NEW YORK (CNNMoney.com) -- Neurocrine Biosciences was set to learn on Wednesday whether federal regulators have approved Indiplon, an experimental short-acting sleeping pill analysts think will have a tough time competing.
Indiplon, if approved by the Food and Drug Administration, would be the newest entrant to the $4 billion U.S. market for sleeping pills. But Indiplon's status as a niche drug, and Neurocrine's lack of a Big Pharma marketing partner, means that the drug faces formidable hurdles in a competitive market.
In fact, analysts believe the drug's annual sales would not rise above $200 million.
Indiplon is a short-acting drug for insomniacs that only works for a short time, rather than the whole night. It would be used to put patients to sleep at the beginning of the night, or back to sleep in the middle of the night if they wake up, without its sedative effects lasting through the morning.
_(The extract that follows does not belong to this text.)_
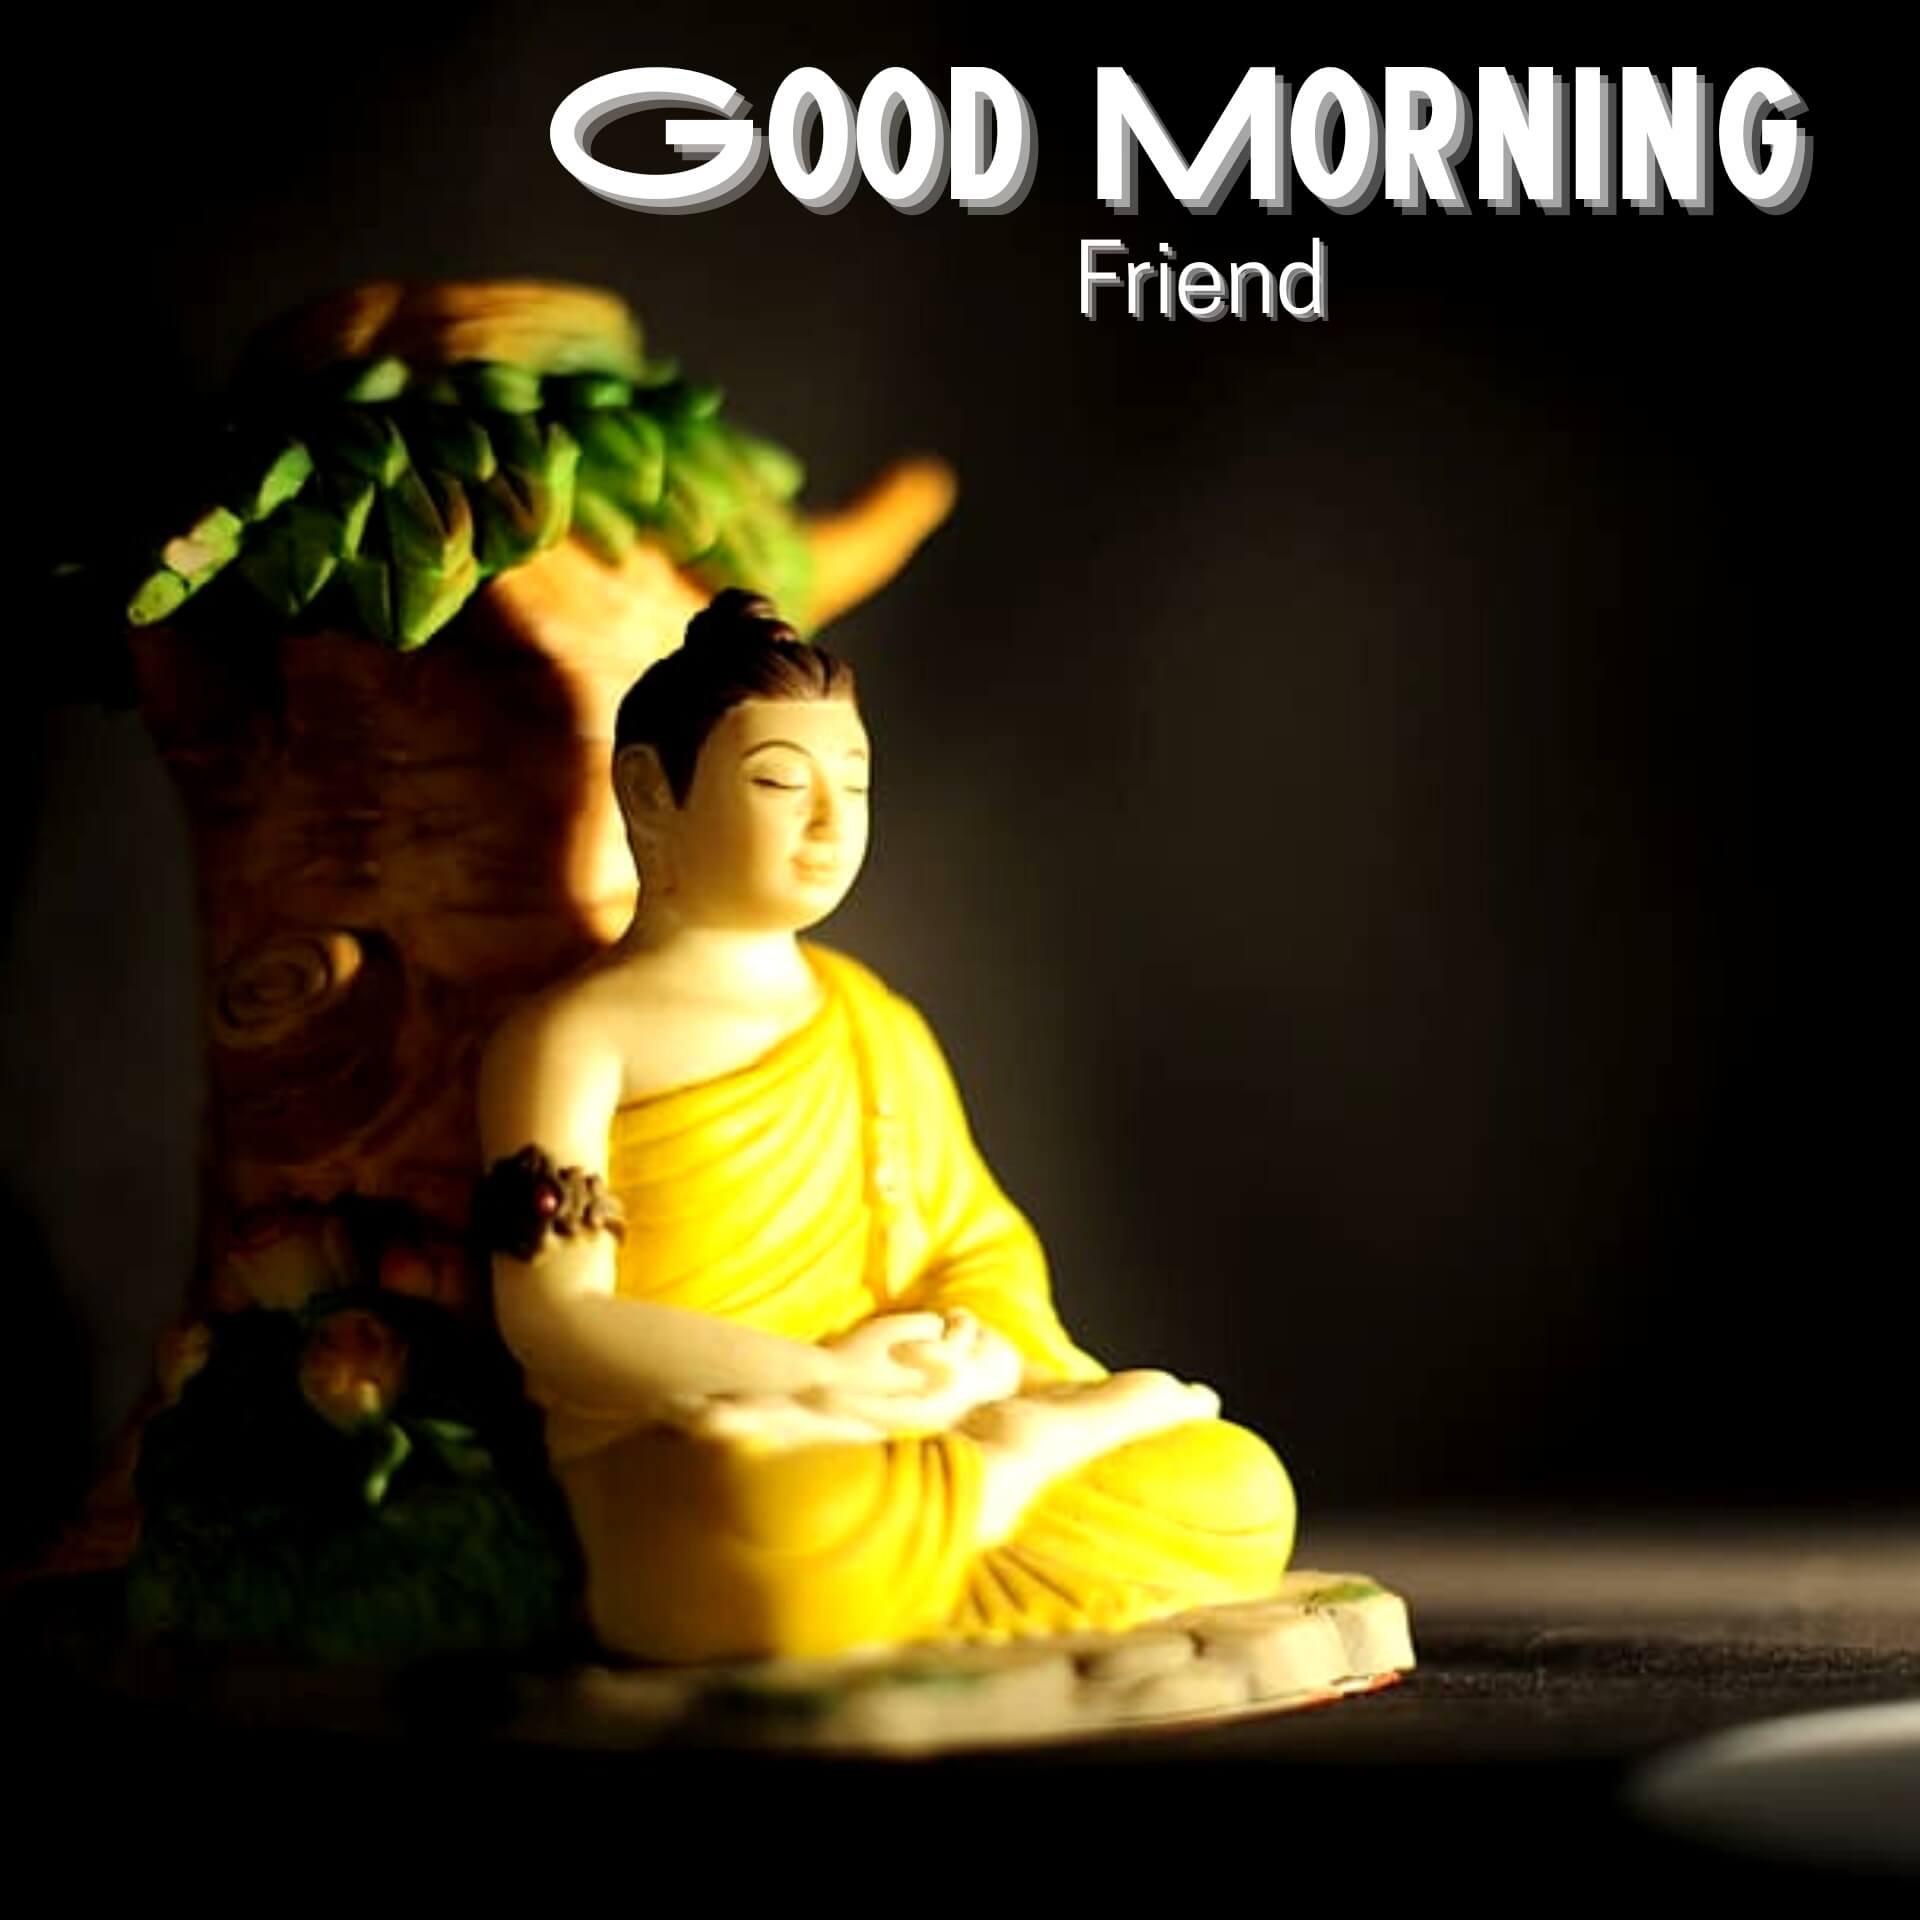 Free HD Gautam Buddha Good Morning Images Download

"Some people like the idea of taking a medication only when they need it," said Dr. Thomas Roth, consultant for Neurocrine and director of the Indiplon study that was submitted to the FDA, as well as director of sleep disorders research at the Henry Ford Hospital in Detroit. "This study shows you can take the medicine and not be hung-over the next morning."
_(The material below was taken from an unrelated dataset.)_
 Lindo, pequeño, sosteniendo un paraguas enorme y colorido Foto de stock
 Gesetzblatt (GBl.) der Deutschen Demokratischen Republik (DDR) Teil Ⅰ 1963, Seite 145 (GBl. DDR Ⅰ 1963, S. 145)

Gary Lyons, chief executive of San Diego-based Neurocrine Biosciences (Charts), said in an interview earlier this year that Indiplon takes effect within 15 to 20 minutes and it only lasts for one hour. Lyons said that with longer-acting sleeping pills "you have a woman driving her kids to kindergarten with half the drug still in her system. You don't have that problem with Indiplon."
If approved, Indiplon would enter a sleeping pill industry that is already dominated by Sanofi-Aventis' (Charts) Ambien CR, Sepracor's (Charts) Lunesta, and King Pharmaceuticals' (Charts) Sonata, as well as Takeda's Rozerem, the only one of those drugs that does not use a sedative to put patients to sleep. There is also a generic low-cost version of Ambien.
Of all these drugs, Indiplon would compete directly against Sonata, which is also a short-acting sleeping pill, said Aileen Salares, analyst for Leerink Swann.
But the short-acting niche element to Indiplon is unlikely to make it a big seller, analysts say. Salares and another analyst, Jon LeCroy of Natixis Bleichroeder, believe that annual sales will peak at $150 million.
But the FDA decision could have a big impact on Neurocrine Biosciences, which has no other products on the market.
"The stock should move five bucks either way, depending on the outcome [of the FDA decision,]" said LeCroy. Neurocrine shares were trading at $10.11 a share in midday trade on Wednesday.
Neurocrine had tried to get Indiplon approved for the longer-acting dose, but the FDA shot down that effort in May of 2006. This caused the Neurocrine's stock to plunge, and prompted its Big Pharma partner Pfizer Inc. (Charts, Fortune 500) to sever its partnership to promote the drug.
As for the shorter-acting version of Indiplon, the FDA asked that Neurocrine provide more data about the drug. The FDA decision on Indiplon will be based on this additional data.
Neurocrine's stock activity has been wildly volatile in 2007. Indiplon's rocky road with the FDA has created consternation among investors, says Salares of Leerink Swann.
"We're cautious on this because of the checkered history of Indiplon," said Salares. "The upside is muted, because everyone is concerned about the prospects about the drug and that seems to be the overriding concern. They need a strong partner in order to develop the market."
There don't seem to be any takers from Big Pharma at the moment, said Salares.